Kalaya has spent years introducing diners to southern Thai cooking at a level that made national critics pay attention. Ito’s Royal Sushi & Izakaya is so sought-after that getting a reservation is almost impossible.
So these really aren’t underdog stories anymore, they’re expectations. Philadelphia sent seven finalists to Chicago for the awards and came home with two major wins.
A decade ago, that would’ve been a breakthrough, but now it feels like a normal year.

Philadelphia’s World Cup debut: A
For months, the conversation centered on everything that might go wrong.
Traffic, transit, crowds, security, weather — if anyone would actually show up.

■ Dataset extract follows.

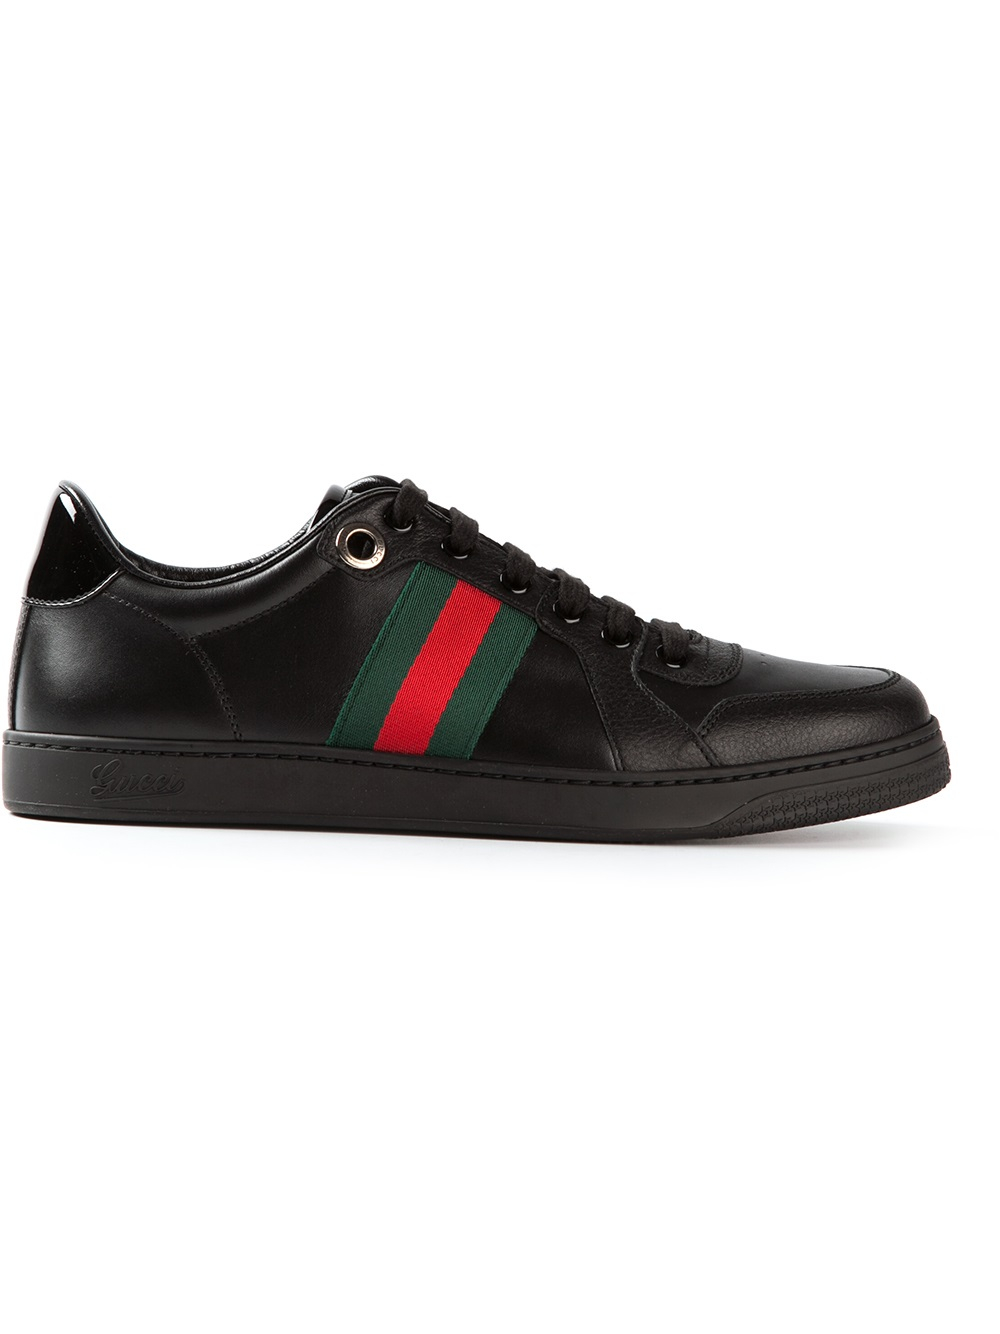 Lyst - Gucci Classic Sneakers in Black for Men

Instead, the first week of the World Cup has mostly served as a reminder that Philadelphia can throw a pretty good party. The city is filled with visiting fans, flags, jerseys, and the sort of international energy that rarely comes through town at this scale. SEPTA has had a few hiccups. The weather has done what Philadelphia weather does. But the city itself has looked good.
More important, Philadelphians seem to have embraced the whole thing.
There was always going to be some skepticism, but somewhere between the FIFA Fan Festival, the packed stadium, and thousands of visitors wandering around Center City, the World Cup stopped feeling like something Philadelphia was hosting and started feeling like something Philadelphia was enjoying.
And we’re only getting started.
PPA towing residents with permits: F
Like we just said, the World Cup has gone better than many people expected, which is why this one stands out.
Fairmount residents were told to register for special parking permits during the FIFA Fan Festival. They registered, but then some got ticketed anyway and a handful even got towed. The PPA says the tickets will be canceled and fees refunded, which is good.
But “we’ll fix it later” tends to land differently when you’re standing in an empty parking spot wondering where your car went.
The encouraging part is that the number of mistakes was relatively small compared with the thousands of tickets issued around the festival. But, if you’re one of the people who had to Uber to a tow lot in South Philly to retrieve your vehicle, that statistic probably isn’t very comforting.
Mike Gansey’s first Philadelphia sports lesson: Never say it out loud: D+
Every city has its rules, and Philadelphia’s are simple.
Don’t mess with Rocky. Don’t wear Cowboys gear. And under absolutely no circumstances should you mention a no-hitter while it’s happening.
The newly hired Sixers president learned that lesson the hard way this week when he casually noted on a TV broadcast that Jesús Luzardo’s no-hitter was still intact.
Seconds later, it wasn’t. To Gansey’s credit, he immediately did what any reasonable Philadelphian would do: apologize.
The good news is that Luzardo still pitched well, the Phillies still won, and Gansey appears genuinely remorseful. The bad news is that his first viral moment in Philadelphia involved accidentally becoming the physical embodiment of every fan yelling “shut up!” at their television.
Welcome to town, Mike!

The new Mann: A
For a city that never really got a big Semiquincentennial gift, the renovated Highmark Mann will do nicely.
Fifty years after opening in 1976, the Mann has emerged from a yearslong renovation looking like the sort of project Philadelphia hoped more places would undertake ahead of 2026. There’s a dramatic new entrance, upgraded sound, expanded public spaces, and a massive digital wall that feels more Times Square than Fairmount Park.
The Mann opened in 1976, the last time America threw itself a big birthday party.
It’s fitting that one of the best things to come out of the 250th conversation is a 50-year-old Philadelphia institution getting ready for its next 50 years.